The first half of the novel is narrated from the point of view of a character called Sunless who, it later becomes obvious, is Salt's schizophrenic alter-ego. Sunless, a classic paranoid who views the world as a vast conspiracy of surveillance and control, attends regular psychiatry sessions at the local medical institute, Pharmalak. Here, he comes under a strict drug regime administered by the hospital's somewhat dubious official, Martin Fargoon. There are many blackly comic moments in this opening section, not least the constant stream of entirely plausible adverts for drug therapy that bombard Sunless as he journeys to his appointment. "Have you ever experienced jealousy when others succeed?" asks one. "Oversensitive to comments made about your chosen career? Envious of your partner's career progress or social contacts? You may be suffering from Acute Envy Dysfunction."
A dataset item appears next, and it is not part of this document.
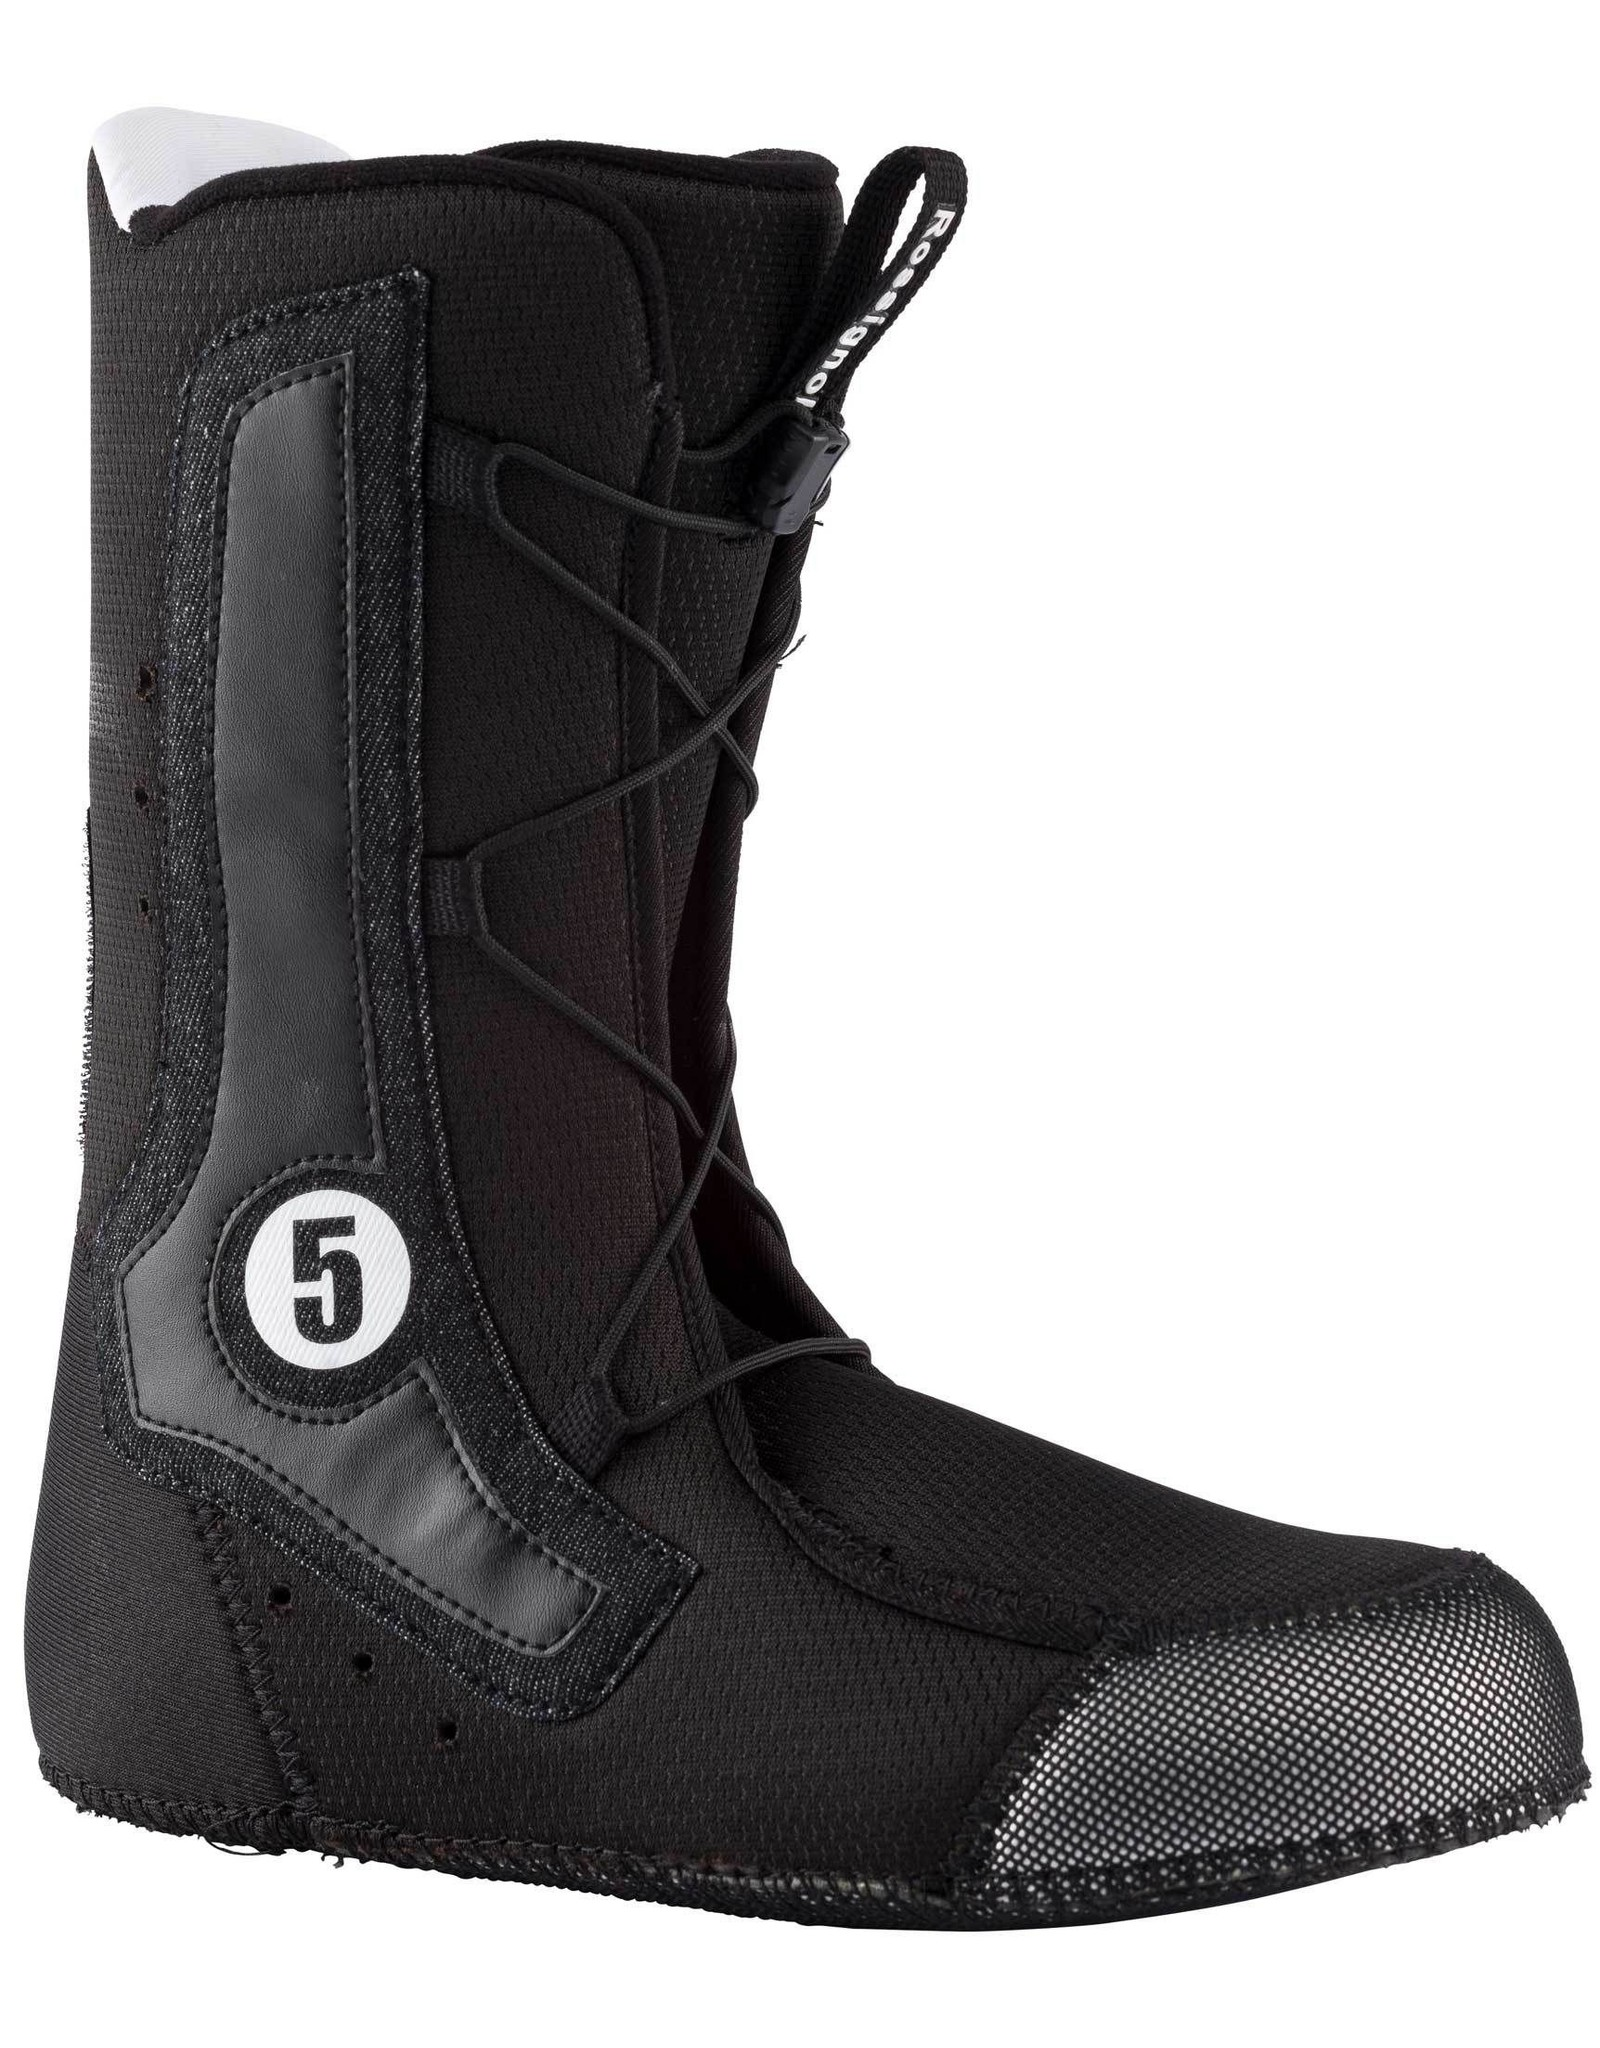 ROSSIGNOL ROSSIGNOL ALLEY BOA H3 WOMEN SNOWBOARD BOOT SR 20
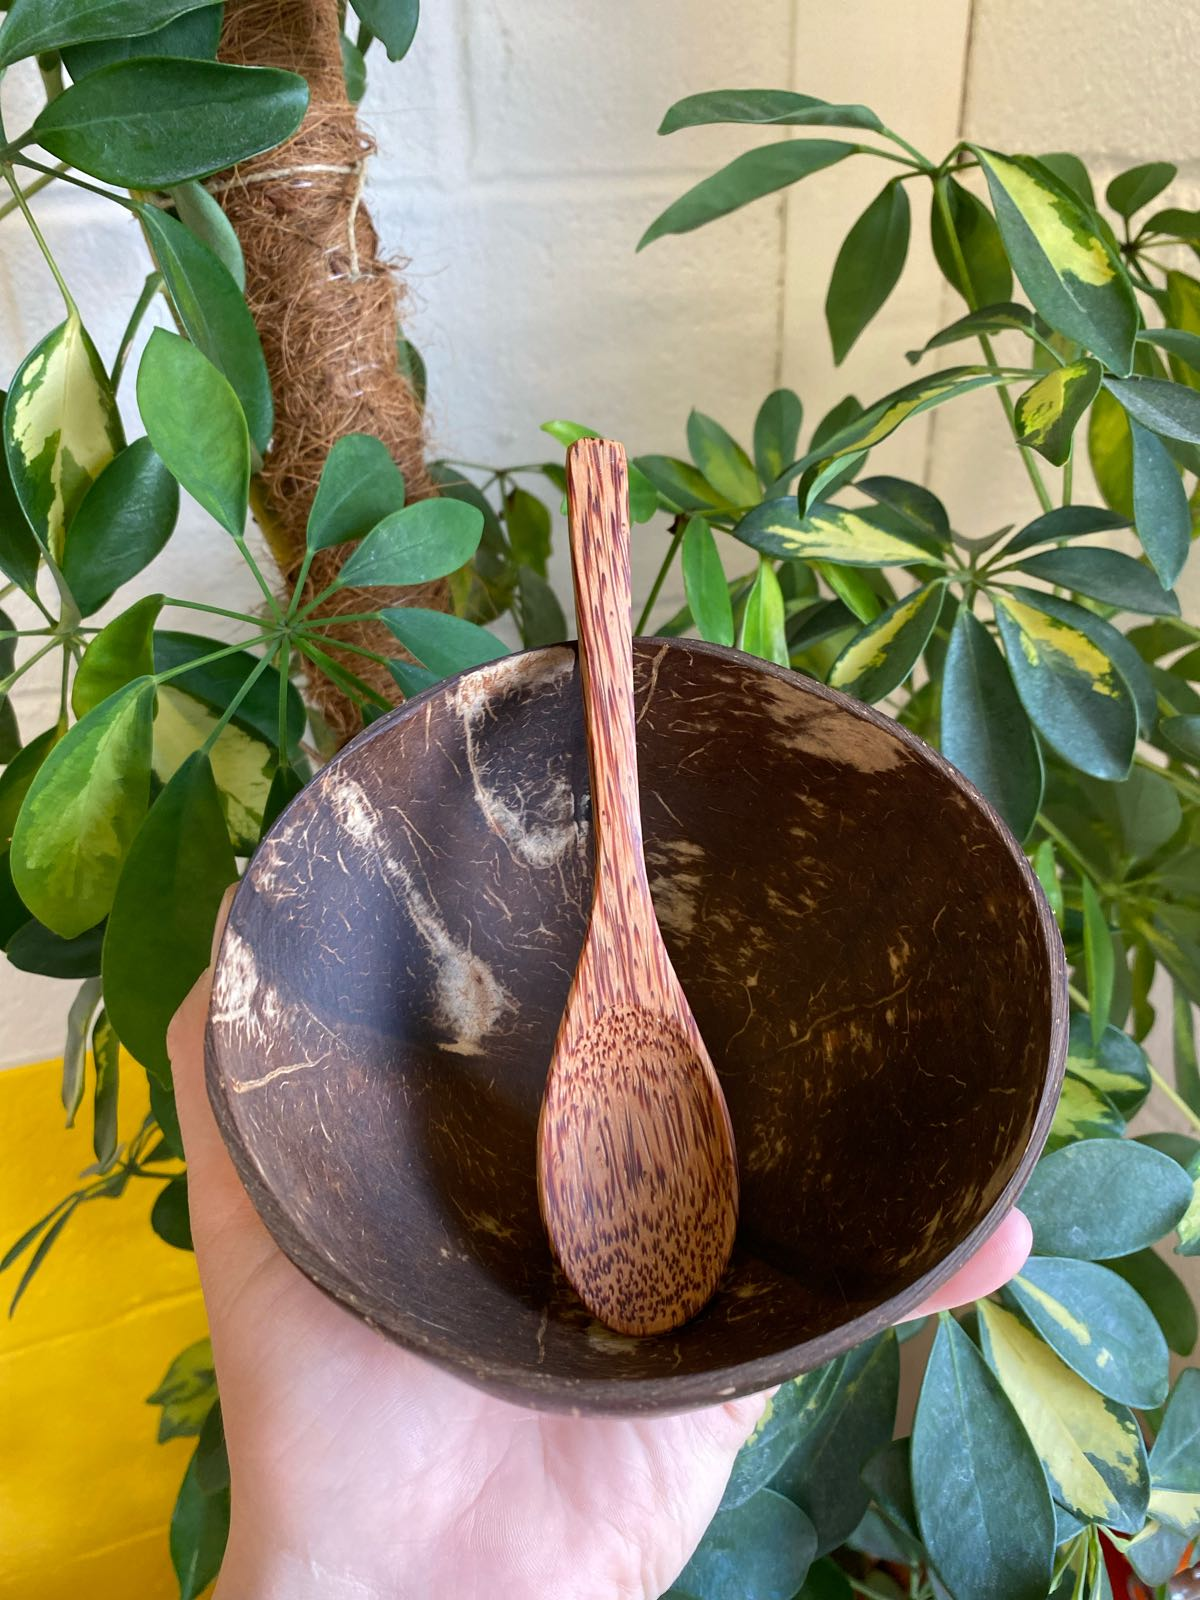 Coconut Spoon | Plastic Phobia

Donovan is acutely aware of - and bracingly angry with - the language of modern psychiatry and its inexhaustible urge to medicalise every trait of human character. He is also particularly adept at satirising the whole economy of modern drug research and distribution. In a particularly effective scene, Sunless finds himself in the middle of a modern business conference dedicated to the launch of a new drug developed by Pharmalak. Here, in the spiritual home of Mormonism, Donovan implies that the ultimate aim of Fargoon - to create "a pill for every mood" - is nothing short of a new religion. It might promise utopia, he argues, but its aim, rather, is to integrate the variety of human personality entirely with the needs and demands of modern, consumer-driven capitalism.

The second half of the novel is a rather more conventional exploration of the biography of the tragic Salt/Sunless character that, sometimes rather remorselessly, tracks the fraying of his identity as he grows to maturity while his family falls apart around him. His father, a victim of what Donovan labels the ultimate killer disease (lack of health insurance), and his mother, who falls under the baleful influence of Fargoon and his endless prescriptions, reflect the true human cost of the social structure embodied by Pharmalak and its acolytes.

There are times when Doctor Salt burns with an almost old-fashioned sense of outrage at the everyday injustice experienced by its characters, but in the intelligence of its perceptions, the precision of its insights and the subtlety of its realisation, it proves itself to be wholly contemporary in its critique of Bush's America.